As said though... if they'd not used them, displayed them on GW models or used GW names and instead done something like 'Death Angel Pauldrons' instead of 'Dark Angel Shoulder Pads', Gw wouldn't have given a monkies and we'd not be having this debate right now and CH wouldn't be on its way to getting closed down and having to pay GW a fortune as it is doing right now as the guys too dumb and arrogant to step down as he should.


----------



## GrizBe (May 12, 2010)

Nicholas Hadrian said:


> I also might add that the entire MOVIE of Alien was a blatant ripoff of TONS of other sources.
> 
> TO quote Cameron himself on the subject, "I didn't steal from anybody. I stole from everybody."


Heck, he even said that he lifted the Cargo Lifter exosuit idea from Starship Troopers, and made the colonial marines read it to get into the part before filming. lol.


----------



## Nicholas Hadrian (Mar 20, 2011)

GrizBe said:


> It was more then just that... they used the actual chapter icons designed by GW on their products too, as well as displaying them on GW models and saying that they were specifically intended to be X model or Y part for that model.
> 
> As said though... if they'd not used them, displayed them on GW models or used GW names and instead done something like 'Death Angel Pauldrons' instead of 'Dark Angel Shoulder Pads', Gw wouldn't have given a monkies and we'd not be having this debate right now and CH wouldn't be on its way to getting closed down and having to pay GW a fortune as it is doing right now as the guys too dumb and arrogant to step down as he should.



Meh, checked out the site, his stuff looks like crap anyway.


----------



## Samules (Oct 13, 2010)

Baltar said:


> My point is that you can pretty much blatantly copy someone elses ideas (as GW does rigorously), and not manage to breach any laws. Whether or not it's theft is another question entirely, and not worth going into.
> 
> It seems that CH thought it wouldn't be completely stupid to use actual names etc from codices printed by GW. They were wrong.
> 
> ...



In the end everything is inspired from everything else. There are maybe a handful of original people in history. More than a few of them were Greeks. However without slight variations on everything the world of fiction woud be a bland place wouldn't it. Without all the work inspired from tolkien where would the fantasy section be? There is no problem with making work inspired from something else as long as you are not ONLY copying but adding new variety. Eventually the series of inspirations diverges so immensely from its beginnings no one can tell the similarity. Bam, "new idea". Cracking down on GW for doing this is just hatred for the company rather than protecting IP.


----------



## bitsandkits (Mar 18, 2008)

I look at it this way if someone sold you a dell power lead for a dell laptop and it turned up and was crap quality and turns out it wasnt a genuine dell lead you would be pissed off,but surely then you would expect a genuine GW product if you buy a warhammer 40k tyranid teryvigion conversion kit?
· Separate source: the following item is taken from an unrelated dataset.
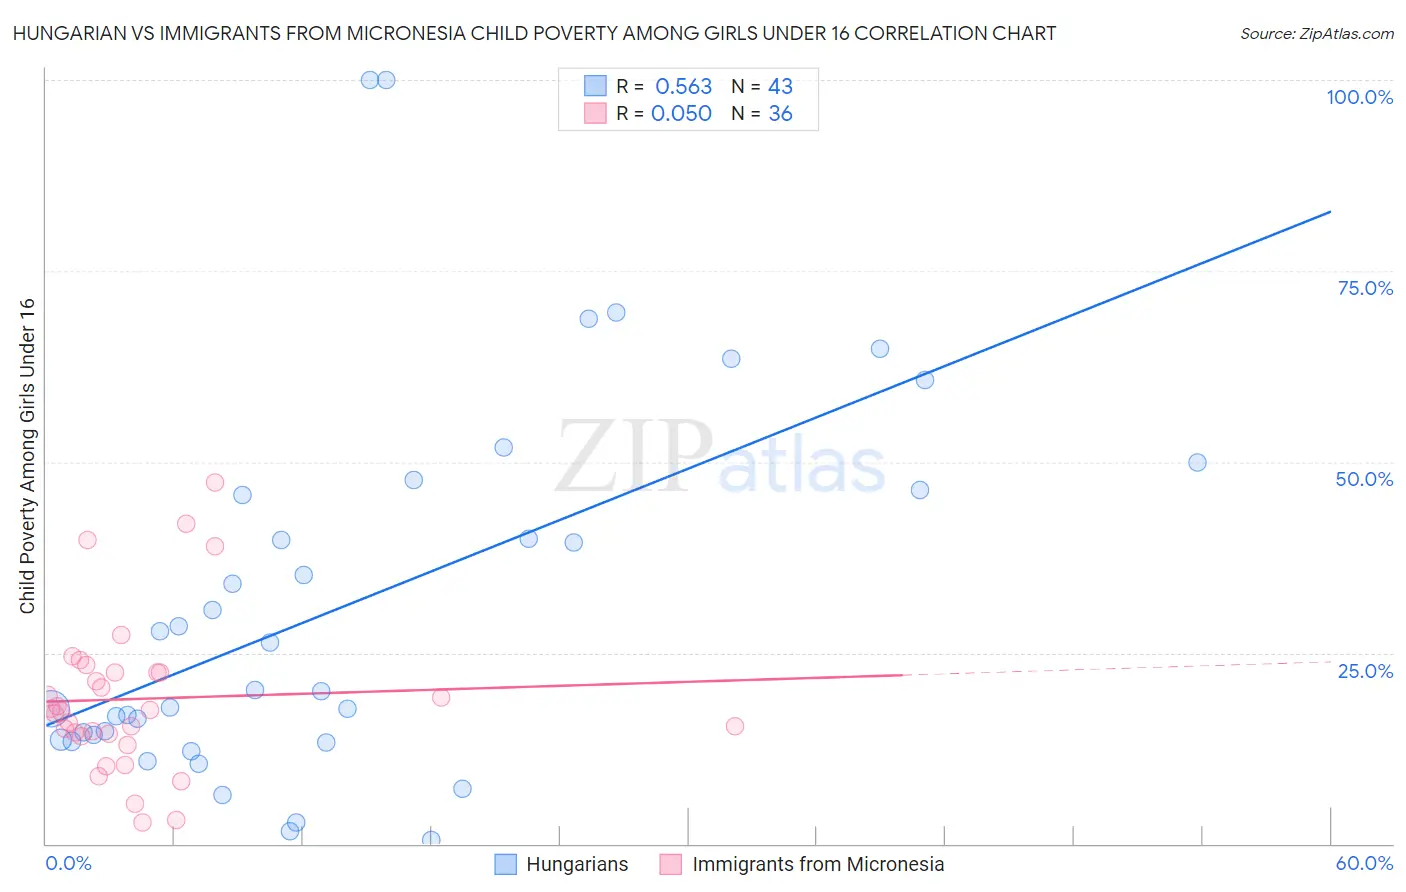 Hungarian vs Immigrants from Micronesia Child Poverty Among Girls Under 16

That is the essense of IP for me.


----------



## TheKingElessar (Mar 31, 2009)

Agreed B&K, and I'm pretty sure that's a cornerstone of their case.

Griz - oh, they'd care. But they wouldn't legally be able to touch them.


----------



## Djinn24 (Jan 12, 2008)

You know if GW would actually produce half the crap they have ideas for places like CHS would not have business and GW would have more of a leg to stand on. They are producing for the most part add on kits that you have to buy GW stuff to add on too. This would be just like Ford suing people making body kits for Mustangs.


----------



## Djinn24 (Jan 12, 2008)

bitsandkits said:


> I look at it this way if someone sold you a dell power lead for a dell laptop and it turned up and was crap quality and turns out it wasnt a genuine dell lead you would be pissed off,but surely then you would expect a genuine GW product if you buy a warhammer 40k tyranid teryvigion conversion kit? That is the essense of IP for me.


That would be true if they were saying they were a GW company selling stuff which they are not. try again. It is called aftermarket kits, been around in the car market for ever. Only issue with CHS vs someone like Scribor is CHS called the emblems by name instead of coming up with some stupid named like Scribor does.


----------



## Nicholas Hadrian (Mar 20, 2011)

djinn24 said:


> You know if GW would actually produce half the crap they have ideas for places like CHS would not have business and GW would have more of a leg to stand on. They are producing for the most part add on kits that you have to buy GW stuff to add on too. This would be just like Ford suing people making body kits for Mustangs.


Um... wrong.

The difference here is that Chapterhouse is claiming the idea of these concepts in model form, meaning that GW cannot MAKE them in model form.
This is more like Ford suing people who make body kits for Mustangs, only the people who made the body kits then own the right to Mustangs in car form and Ford only owns the idea of Mustangs in a nonspecific sense.

Either way, it means that Ford can't make any mustangs, ever, again, and will have to start making new cars that are incompatible with the body kits, disowning Mustangs as ever having been made by Ford.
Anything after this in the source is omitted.